In search of effective and stable bifunctional electrocatalyst for electrocatalytic water splitting is still a major challenge for the highly efficient H₂ production. Here, we reported a facile strategy to design high-indexed Cu₃Pd₁₃S₇ nanoparticles (NPs) in situ synthesized on the three-dimensional (3D) carbon nanofibers (CNFs) by combining electrospinning and chemical vapor deposition (CVD) technology. The high-index facets with abundant active sites, the 3D architecture CNFs with high specific surface area and synergistic effect of Cu–Pd–S bonds with strong electron couplings together promote the electrocatalytic performance. The Cu₃Pd₁₃S₇/CNFs shows excellent electrocatalytic activity with low overpotentials of 52 mV (10 mA cm⁻²) for hydrogen evolution reaction (HER) and 240 mV (10 mA cm⁻²) for oxygen evolution reaction (OER). The excellent protection of Cu₃Pd₁₃S₇ by CNFs from aggregation and electrolyte corrosion lead to the high stability of Cu₃Pd₁₃S₇/CNFs under acidic and alkaline conditions.
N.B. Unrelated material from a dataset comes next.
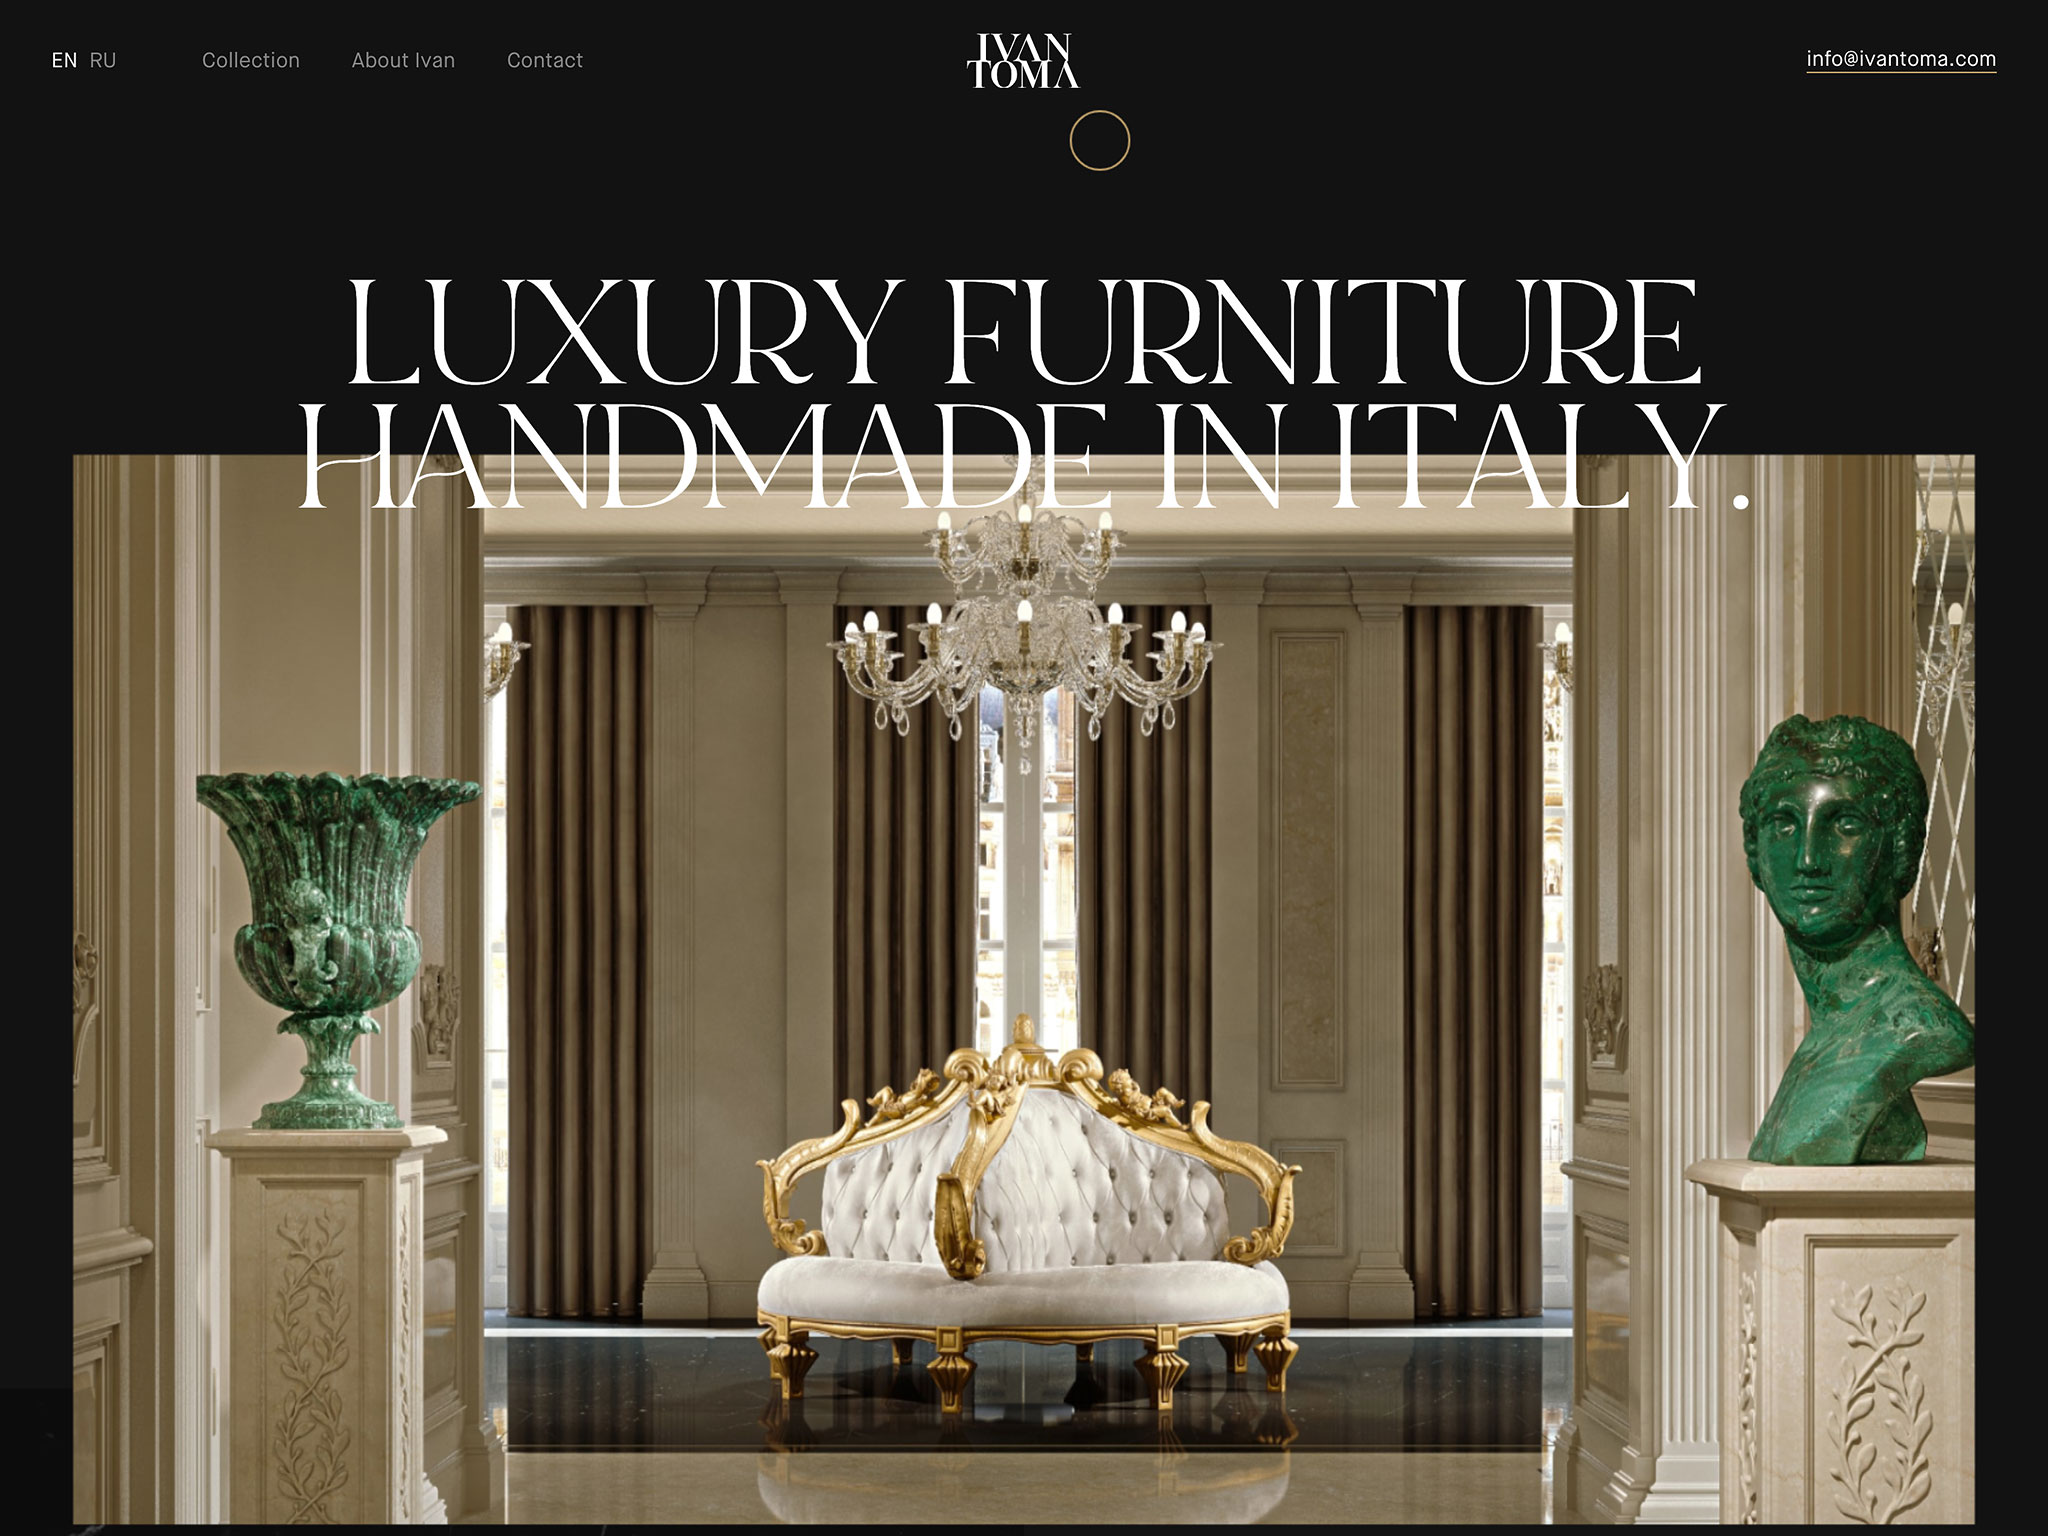 Ivan Toma – Exquisite Handmade Italian Furniture

寻找有效和稳定的双功能电催化剂用于电催化水分解仍然是高效生产H ₂的主要挑战。在这里，我们报告了一种简便的策略，可通过结合静电纺丝和化学气相沉积（CVD）技术设计在三维（3D）碳纳米纤维（CNF）上原位合成的高指数Cu ₃ Pd ₁₃ S ₇纳米颗粒（NP）。具有丰富活性位点的高折射率面，具有高比表面积的3D结构CNF和具有强电子耦合作用的Cu-Pd-S键的协同效应共同促进了电催化性能。Cu ₃ Pd ₁₃ S ₇/ CNFs具有出色的电催化活性，对于氢释放反应（HER）具有52 mV（10 mA cm ^-2）的低超电势，对于氧释放反应（OER）具有240 mV（10 mA cm ^-2）的低电势。CNF对Cu ₃ Pd ₁₃ S ₇的极好的保护使其免于聚集和电解质腐蚀，从而使Cu ₃ Pd ₁₃ S ₇ / CNFs在酸性和碱性条件下具有很高的稳定性。